What is needed | The full listing is to be returned exactly as given, but without pictures.

Data provided |
━━━

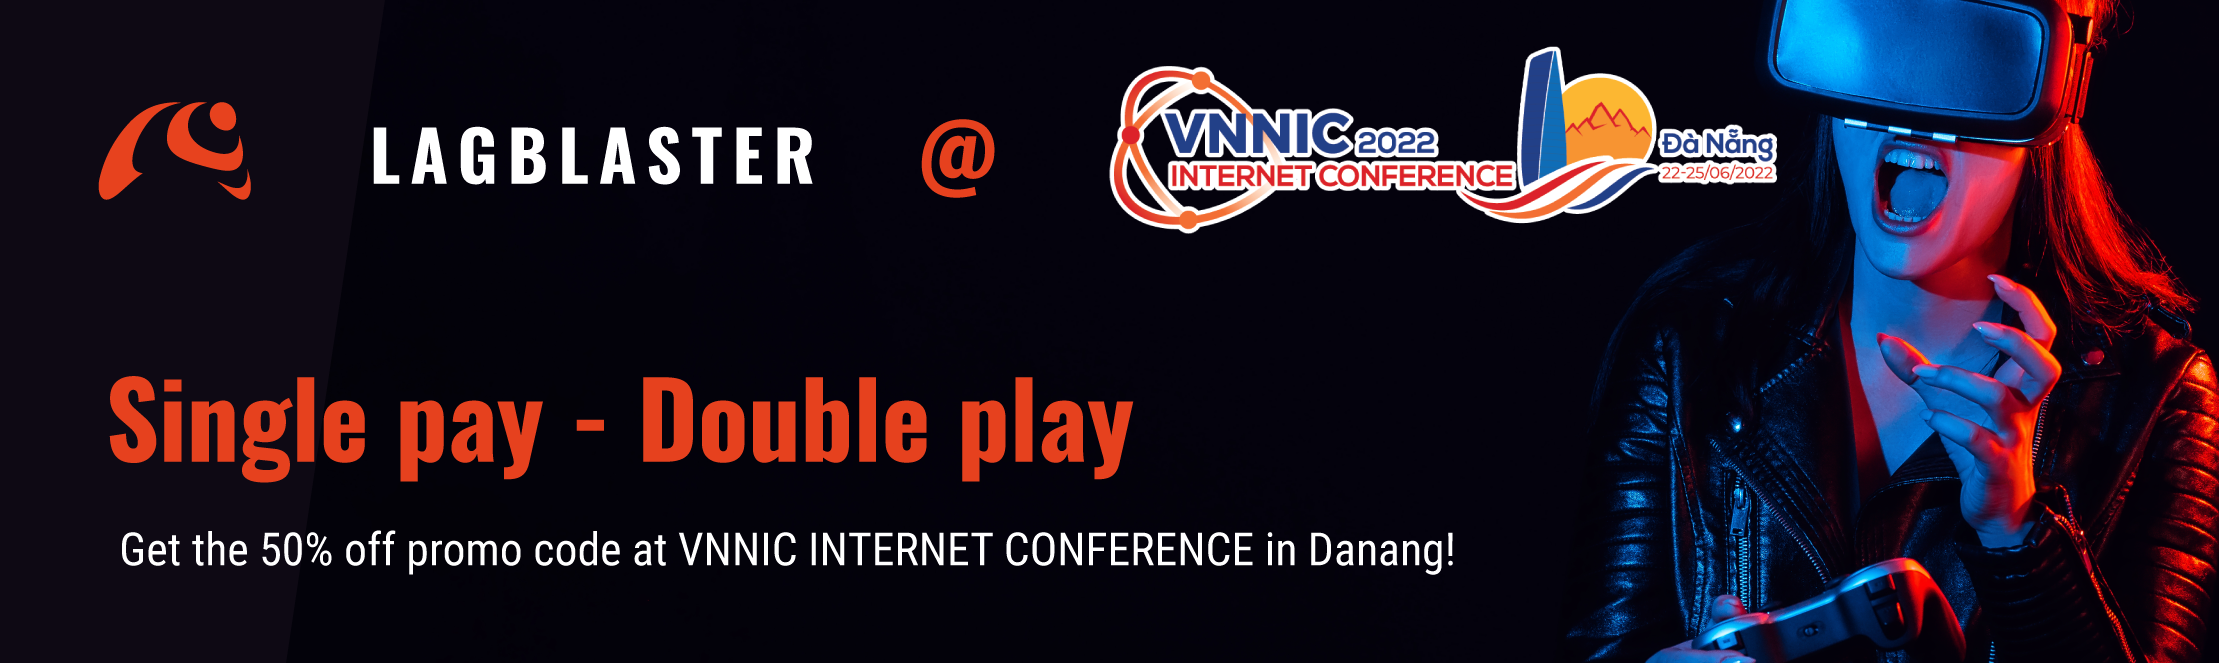 VNNIC Internet Conference 2022
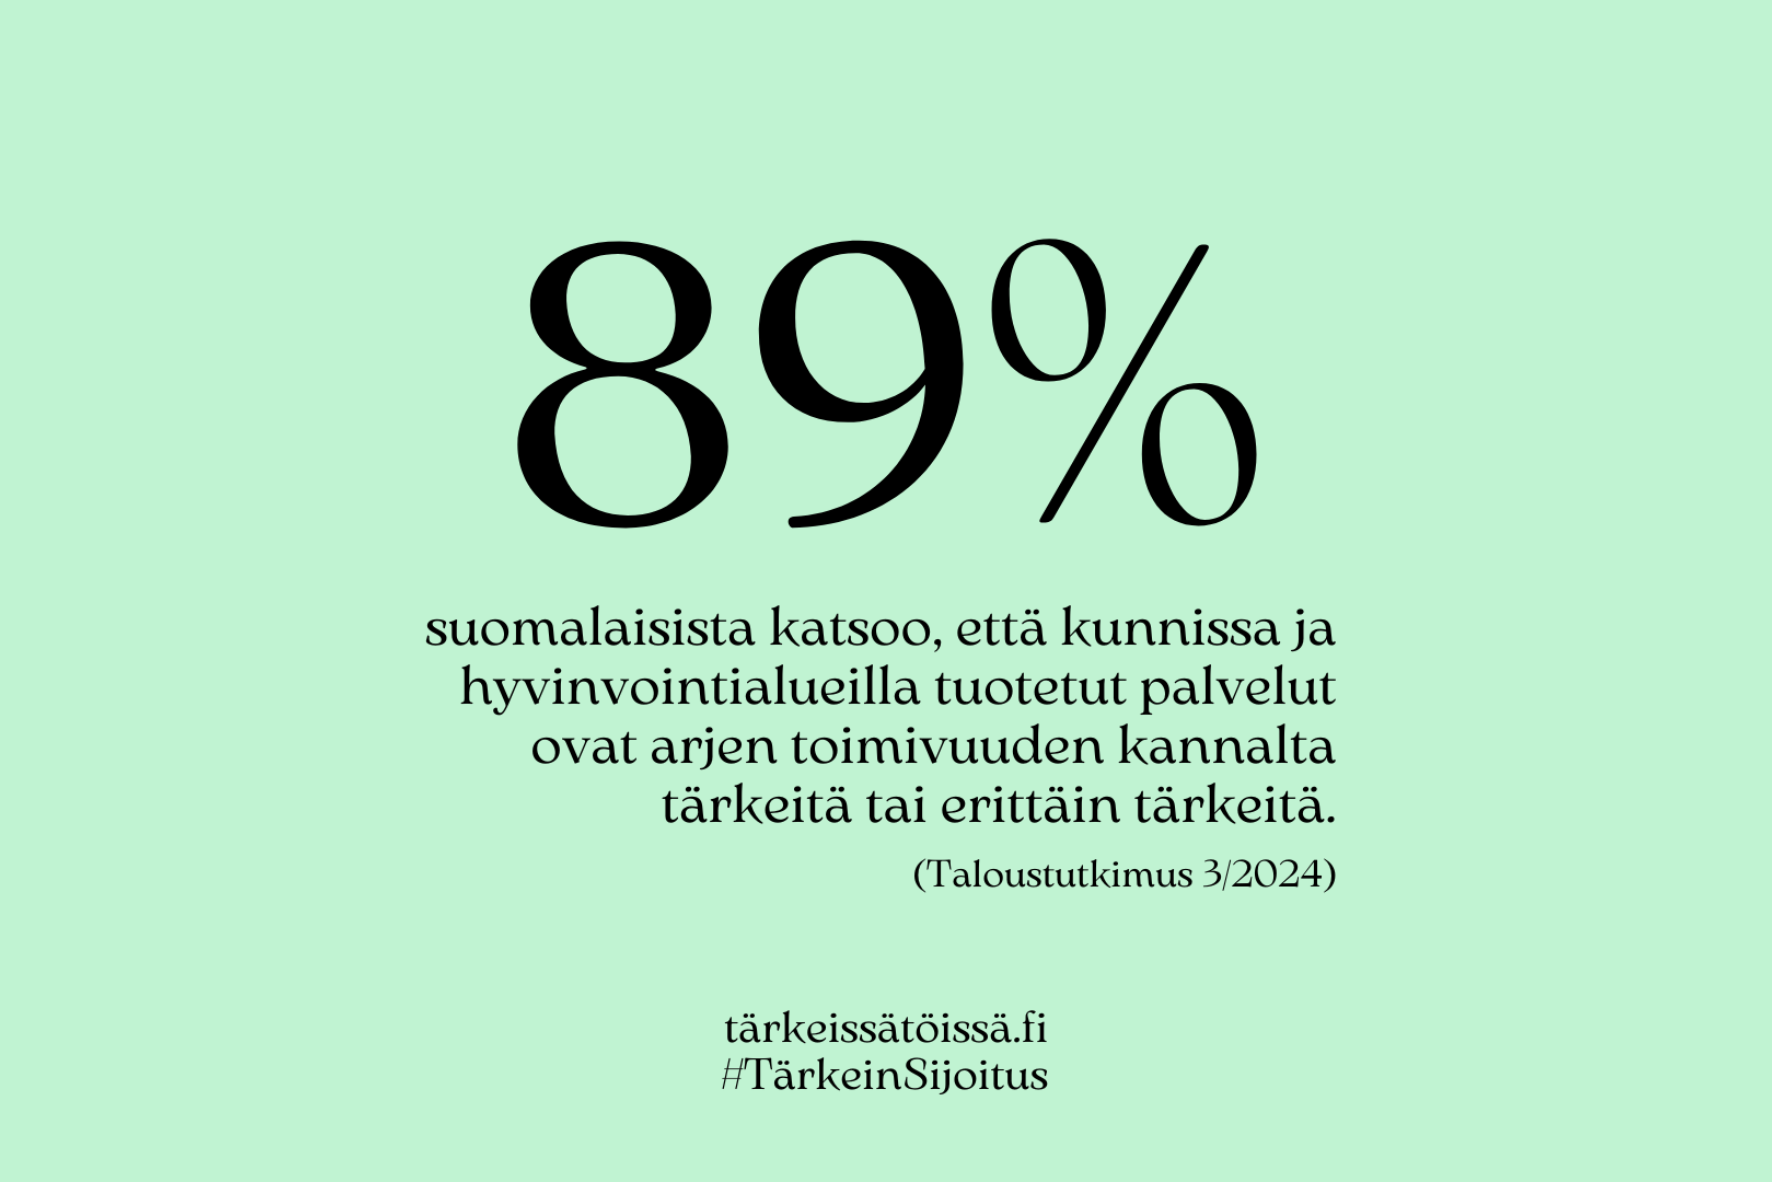 Tärkein sijoitus -kampanjakuva 89 prosenttia suomalaisista 
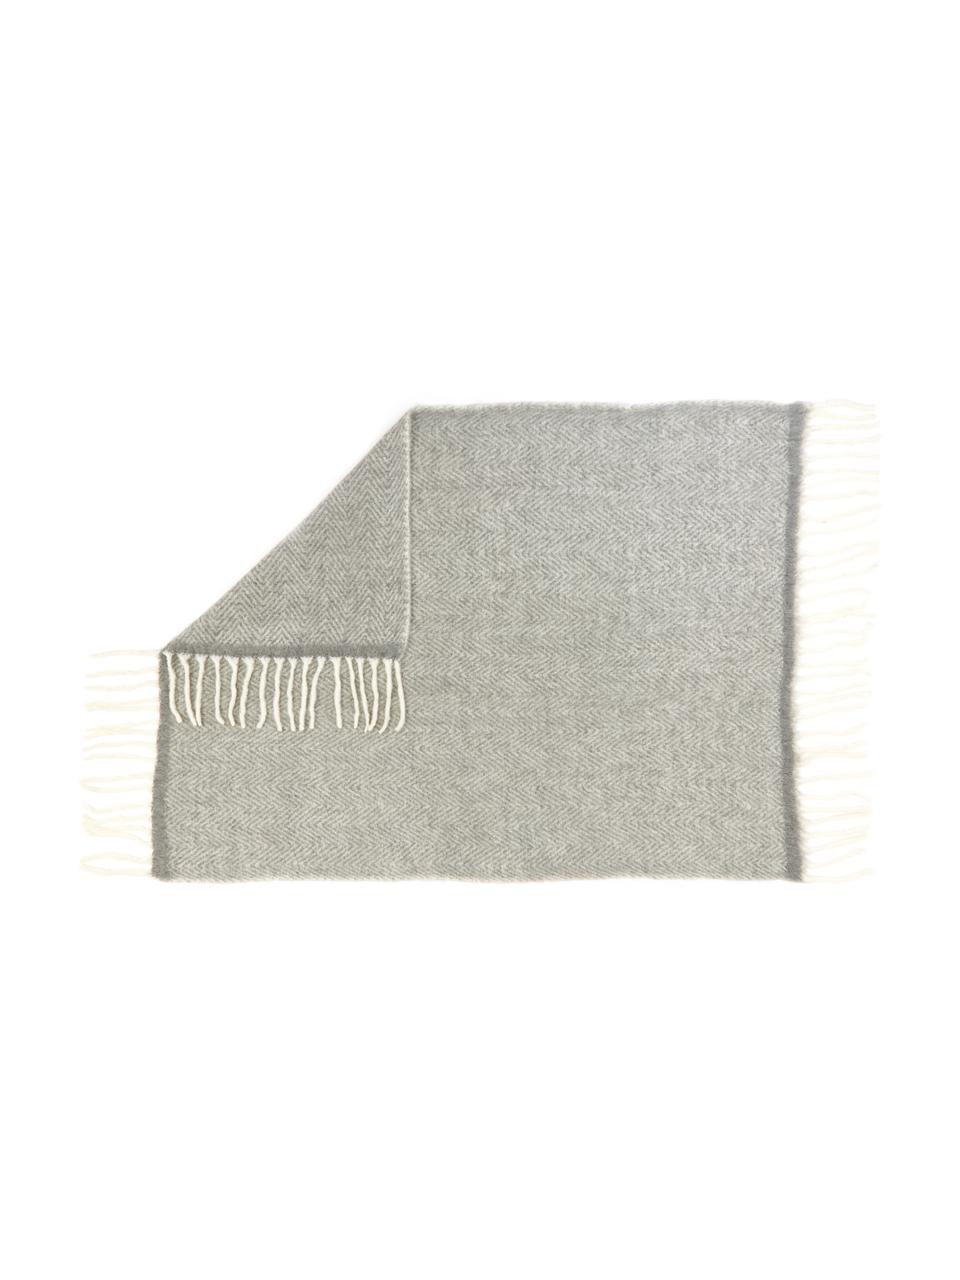 Plaid en laine Beatrice, 60 % laine, 25 % acrylique, 15 % nylon, Gris, larg. 170 x long. 120 cm

━━━

Reply |
 VNNIC Internet Conference 2022
 Tärkein sijoitus -kampanjakuva 89 prosenttia suomalaisista 
 Plaid en laine Beatrice, 60 % laine, 25 % acrylique, 15 % nylon, Gris, larg. 170 x long. 120 cm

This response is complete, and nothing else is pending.